Friday, March 15, 2013

Your Cup of Coffee

 

We sit in our coffee shops absorbing the ambiance and cradling that cup of liquid gold in our hands. We might have decided to purchase only Fair Trade or organic. We might also have heard that working in coffee plantations is hard work in difficult environments.

 

It was raining and cold. But even so, half the group went up into the hills, some with primitive looking axes and machetes -- a four kilometre walk in the rain to get to the plantations high in the hills above the road. The plantation owners wanted to send me too. I smiled and said, "No. I'm not prepared for this kind of work today."

 

 

 

So, instead I joined the other half of the group in the warmth of the room for the selecting, grading, hulling, roasting and bagging of the coffee cherries as they are called. In the photos we are removing poorly developed coffee cherries from the rest. It's a tedious time consuming process in the beginning. The experienced are very fast at it.

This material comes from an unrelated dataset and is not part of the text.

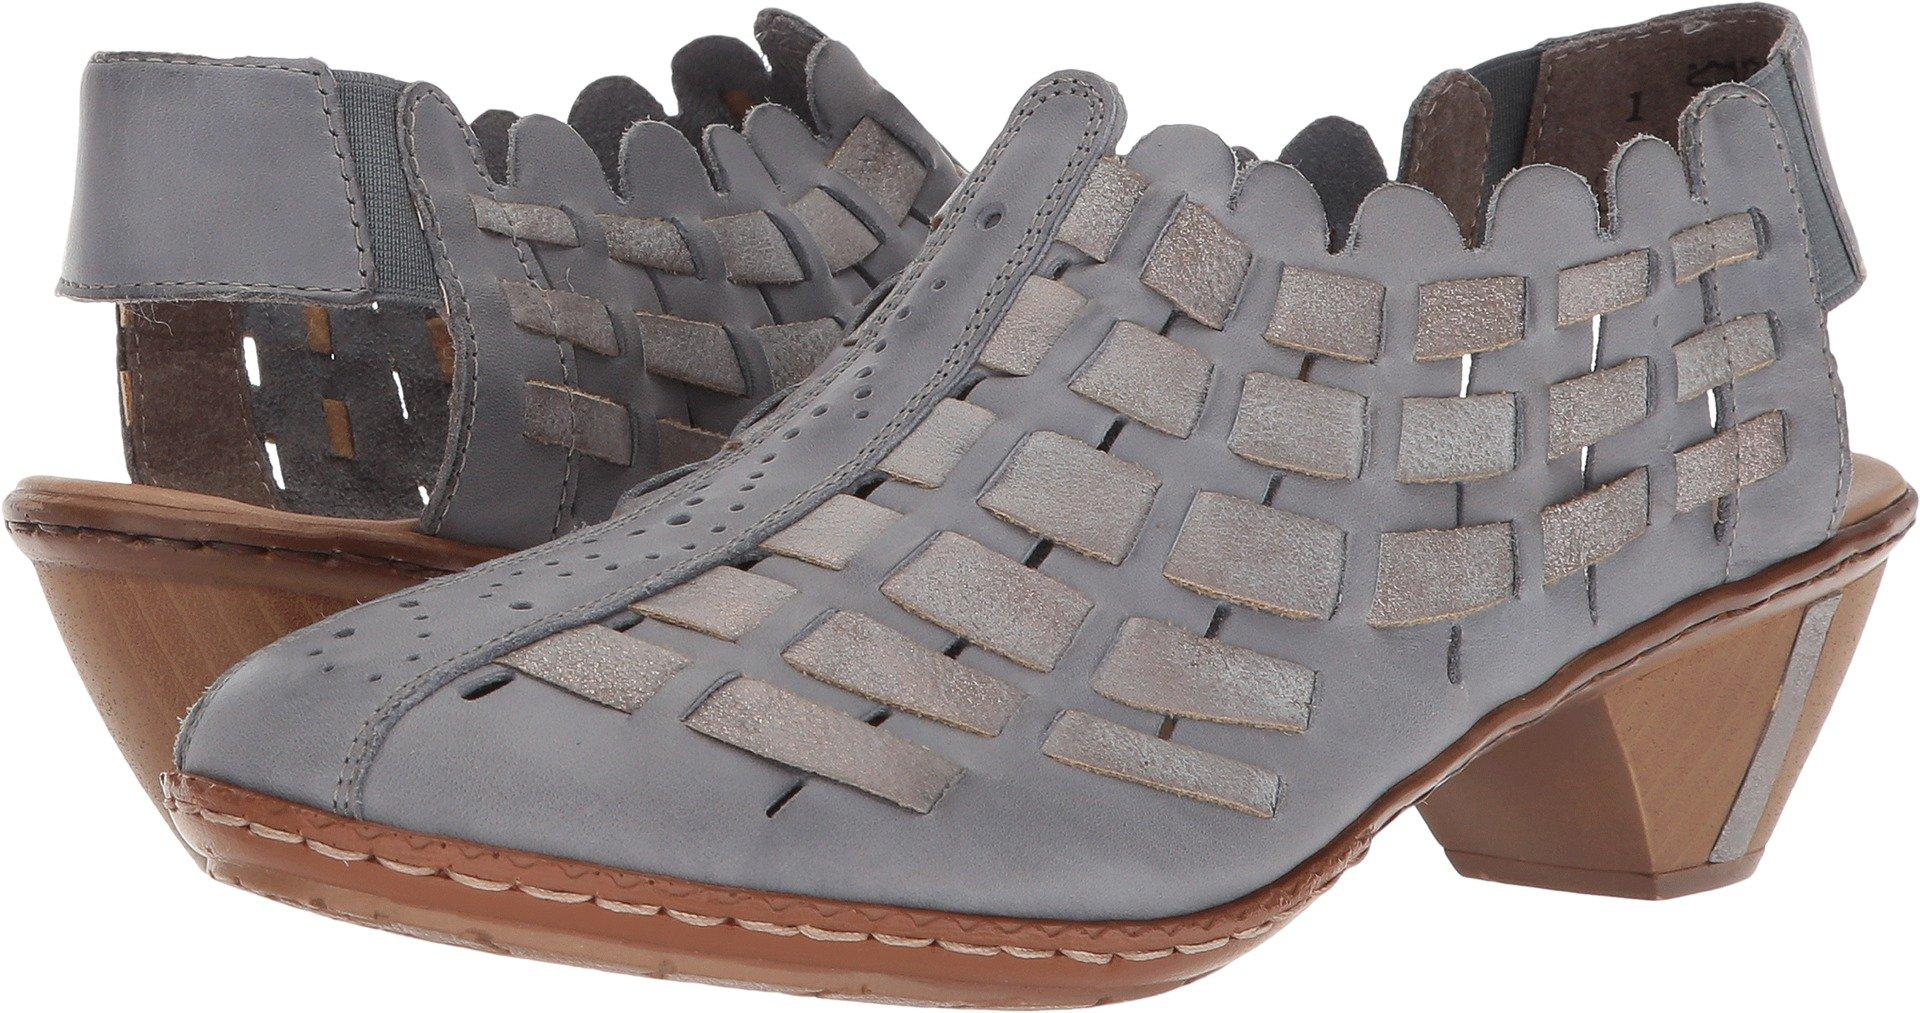 Rieker Women's 46778 Sina 78 Azur/Grey 36 M EU

The plantation we visited is organic and the hills where the coffee cherries are grown are very steep. Working in the heat of summer must be unbearable and in the rain as today, very muddy. I wonder if the students knew what they were getting into when they came to Honduras.

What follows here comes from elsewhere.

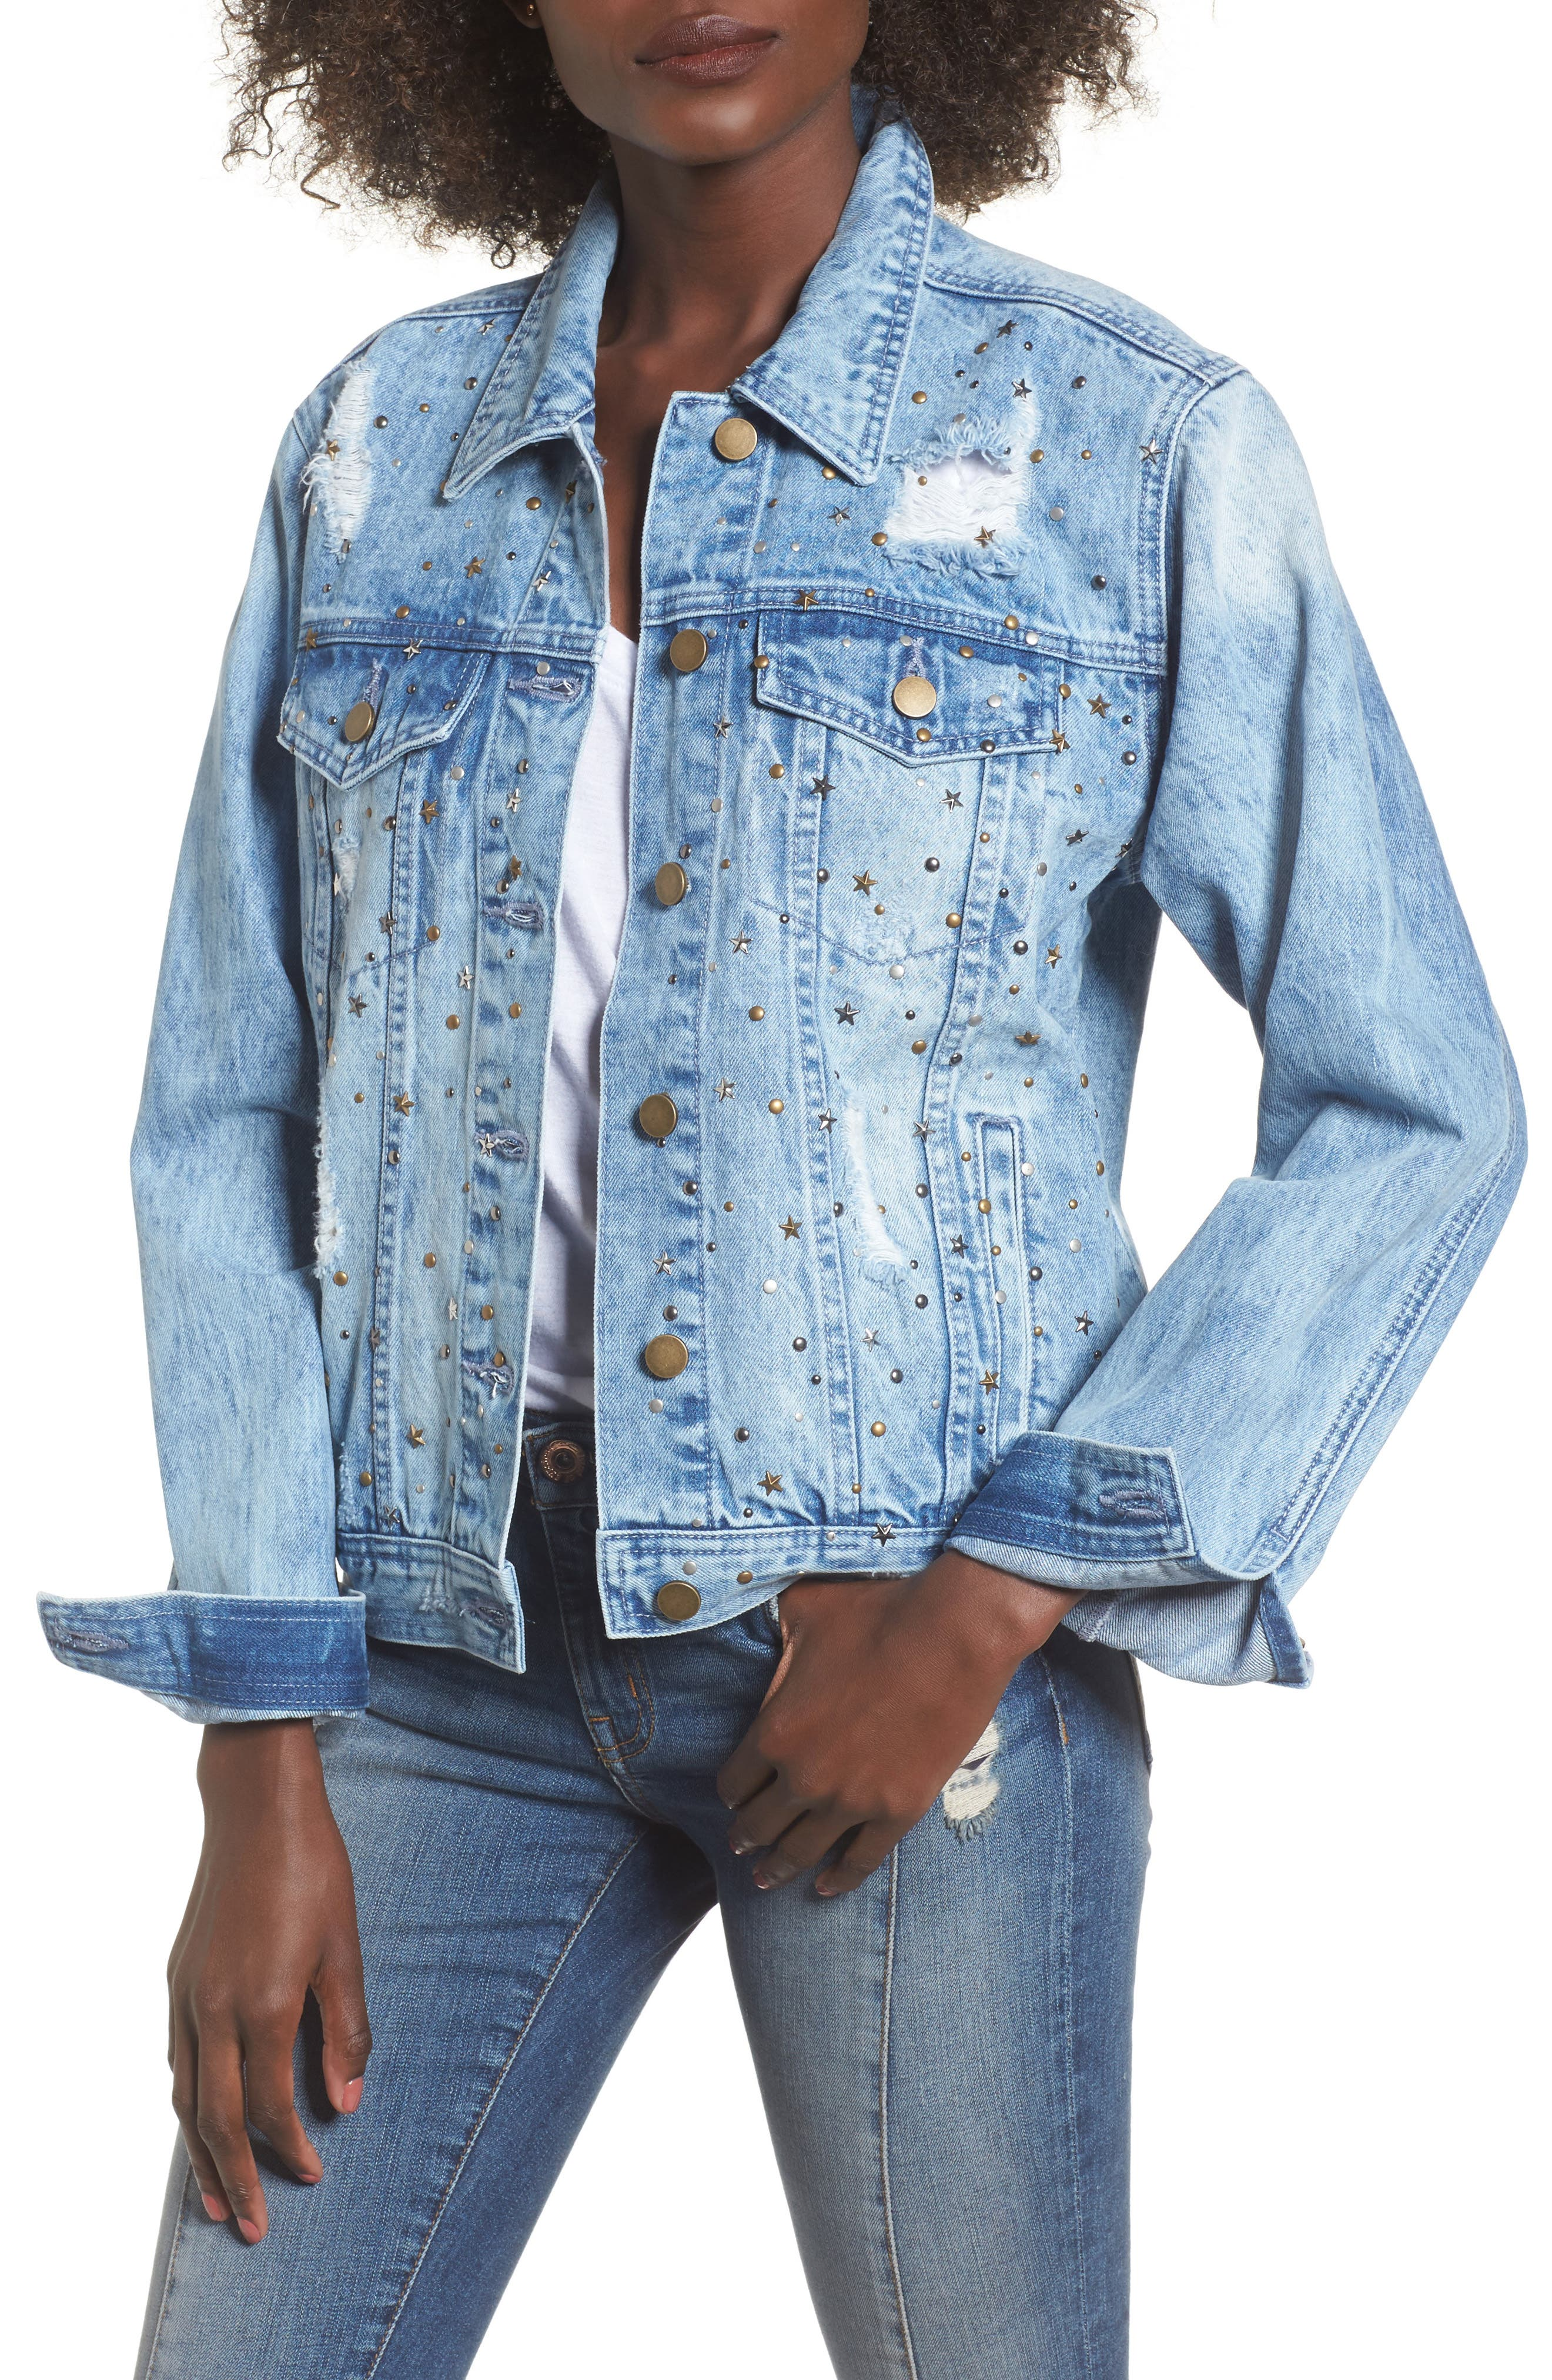 Alternate Image 1 Selected - Tinsel Star & Stud Denim Jacket

When the kids returned from their 8 kilometre round trip adventure they had cleared the earth around many coffee plants and fertilized each with a combination of the coffee hulls, cow dung, limestone and molasses -- a huge help for the owners who live a hard scabble life in shacks without running water or any amenities.

The coffee husk is removed in the machine. Sometimes the process is repeated.Then the cherries are roasted, weighed and bagged.

 




 

 

 

cutting the banana tree

 

 

 

As I was walking up the hill to my family's home, I saw a number of people looking down a steep hill. There was a guy down below with a machete standing next to a banana tree. The people had asked him to fetch the bananas.

 

 

 



Dramatist






When he saw me with my camera, he switched to theatre mode and all the onlookers began to laugh. Suddenly the banana cutting had become a drama.

 

 

We are all actors in the drama of life aren't we?